(SUPPLIED INFORMATION begins)

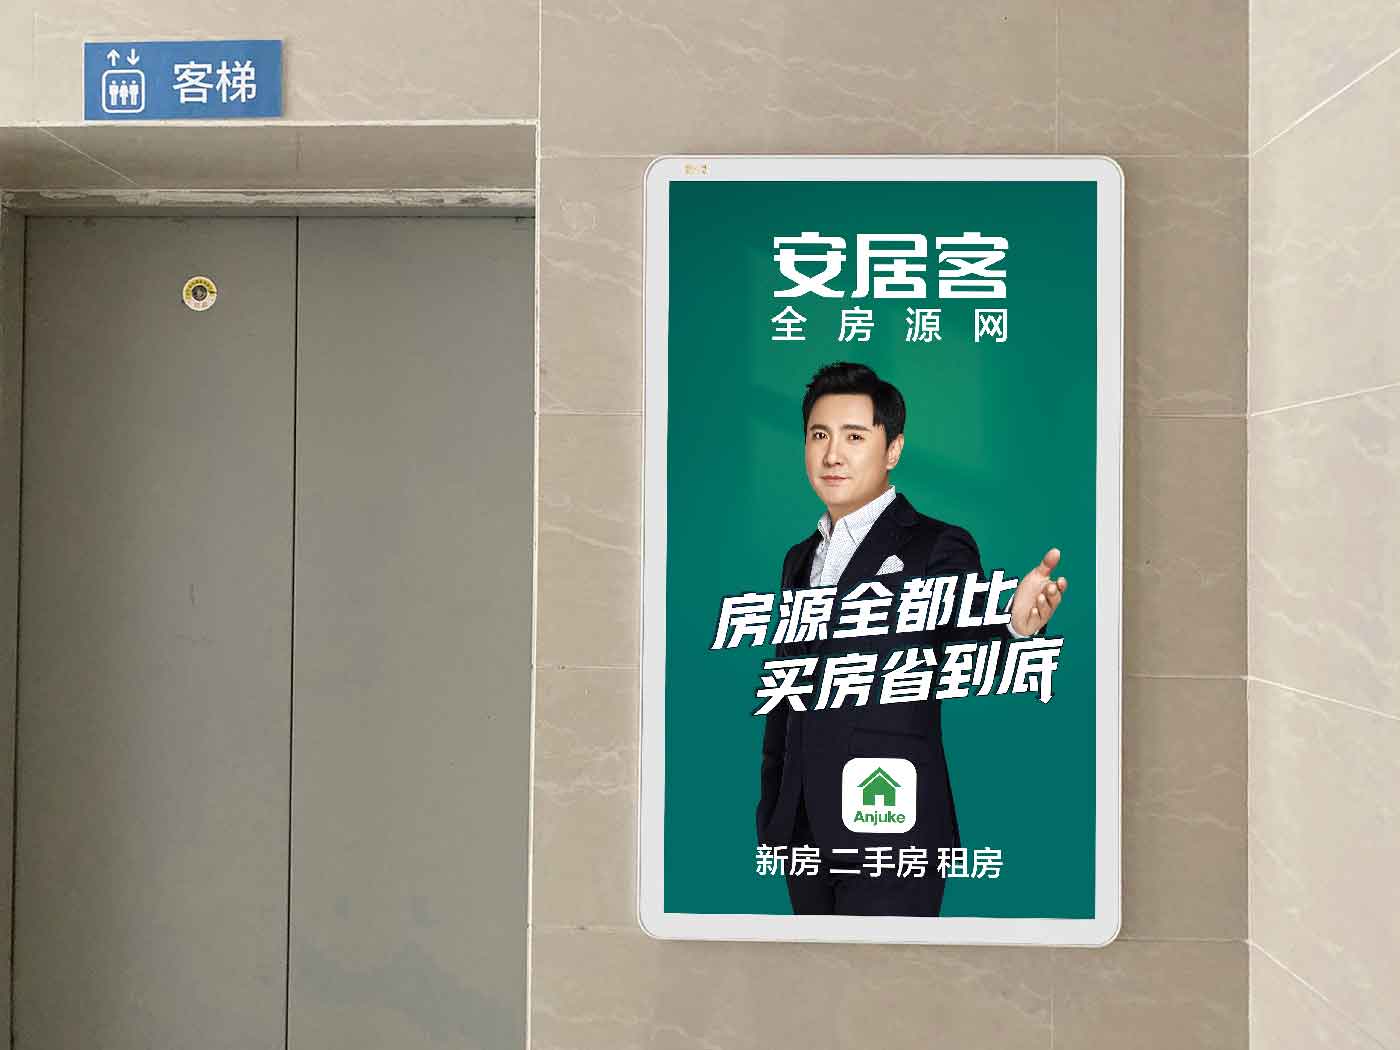 社区道闸广告投放 上海门禁广告媒体
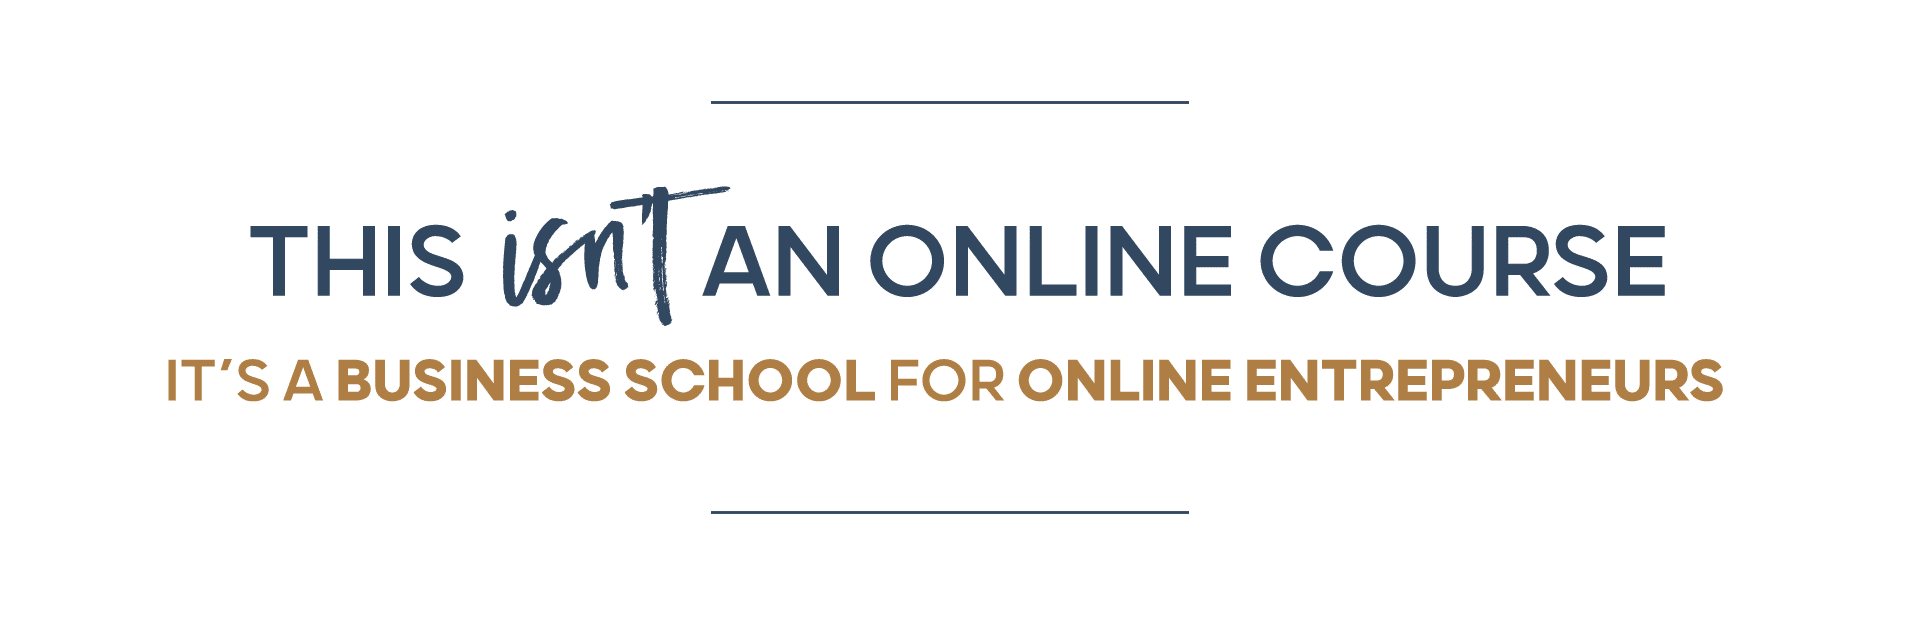 Online business school
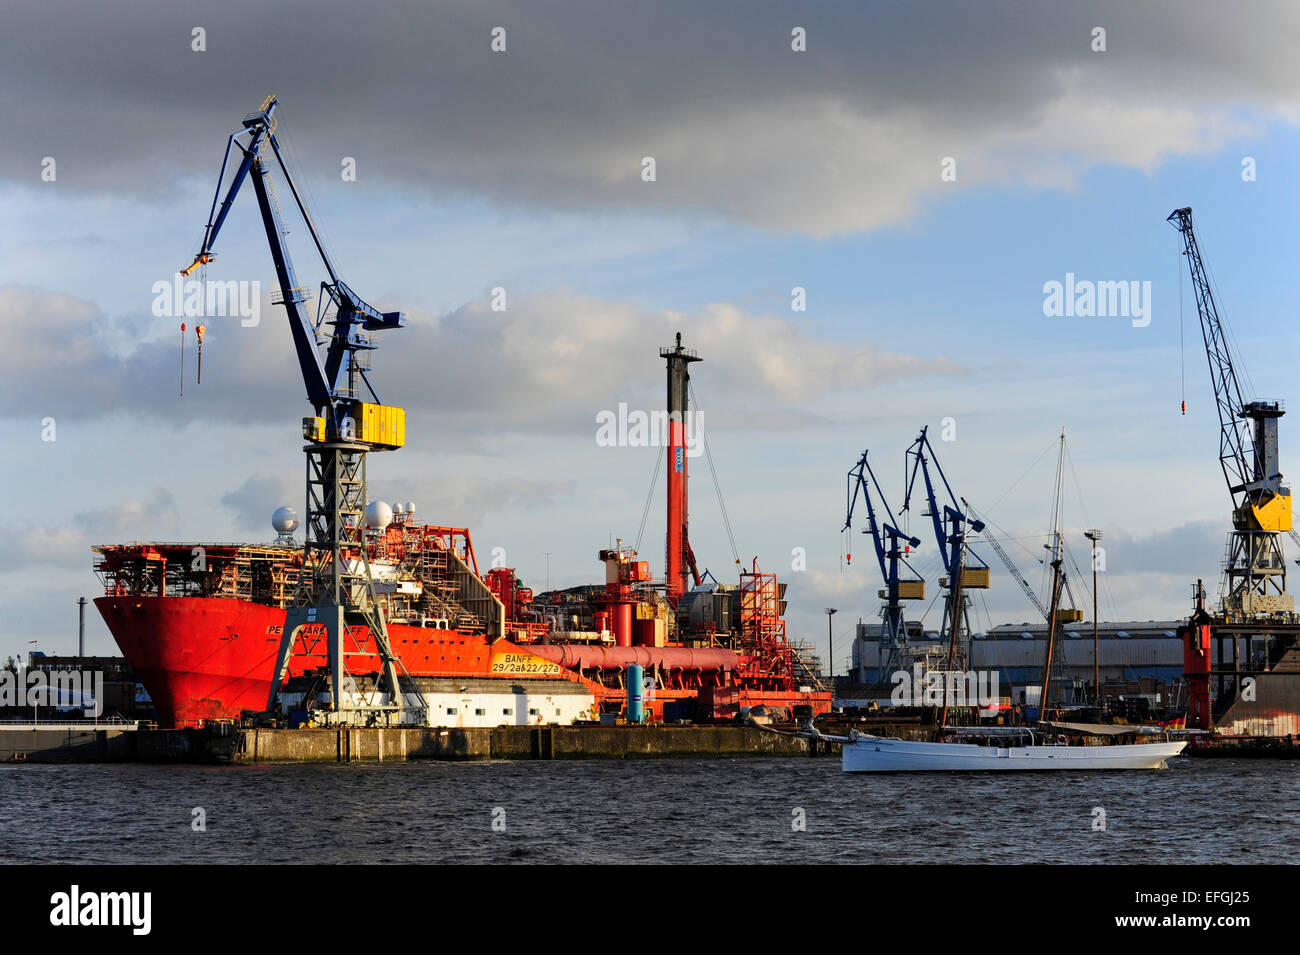 Ship in a shipyard, Hamburg harbor on the Elbe, Hamburg, Germany Stock Photo
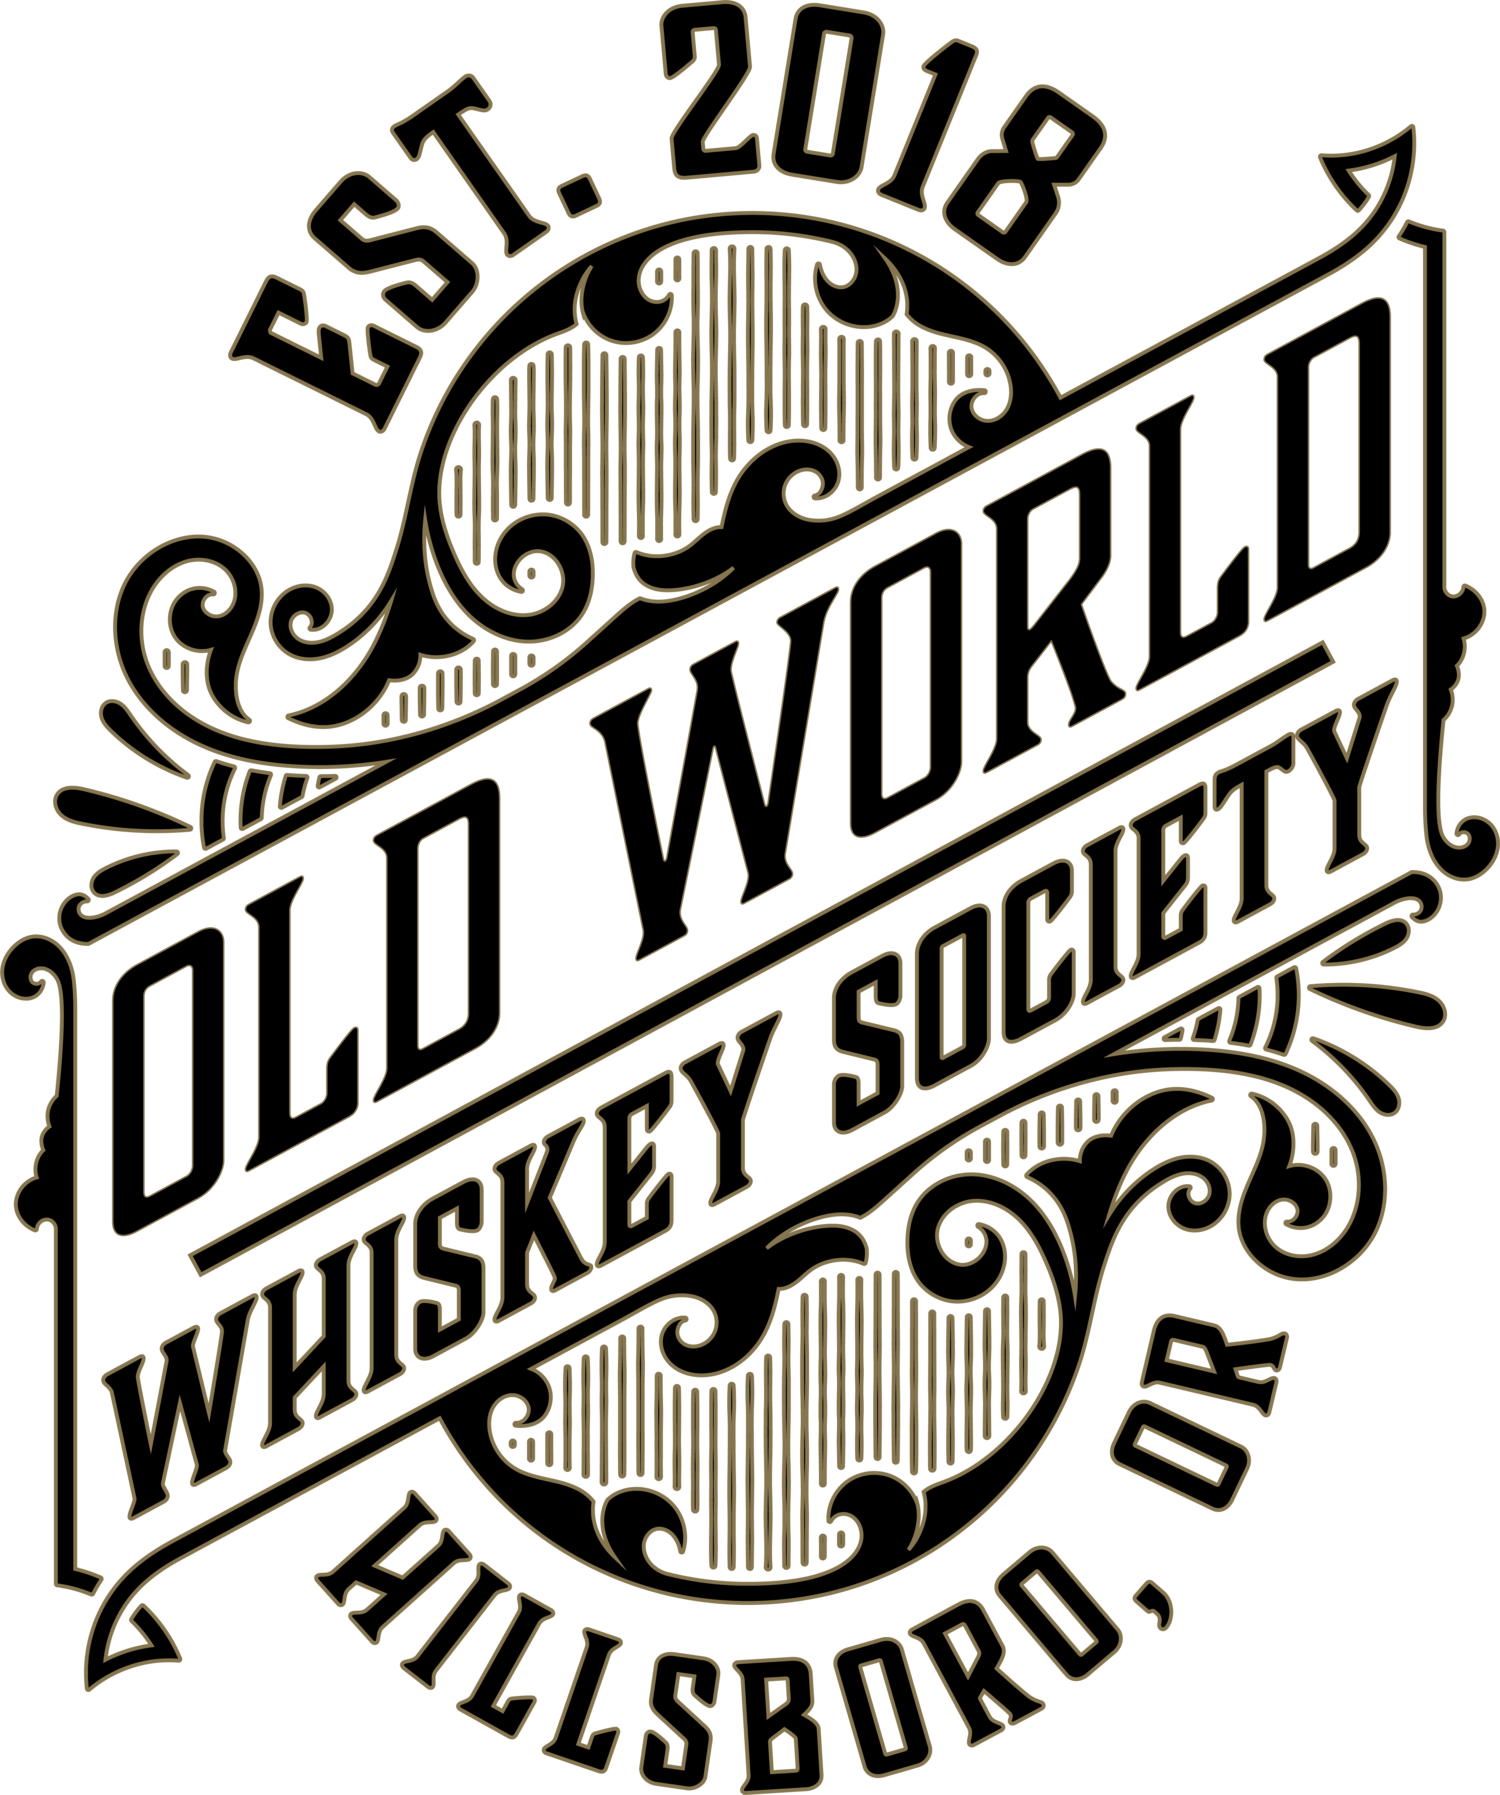 Old World Whiskey Society

(SUPPLIED INFORMATION ends)

Leave every picture out and set down exactly the lines running from the one with "Ship in a shipyard, Hamburg" to the last line of the material above.

- **EXERCISE RESULT**
 Ship in a shipyard, Hamburg harbor on the Elbe, Hamburg, Germany Stock Photo
 Old World Whiskey Society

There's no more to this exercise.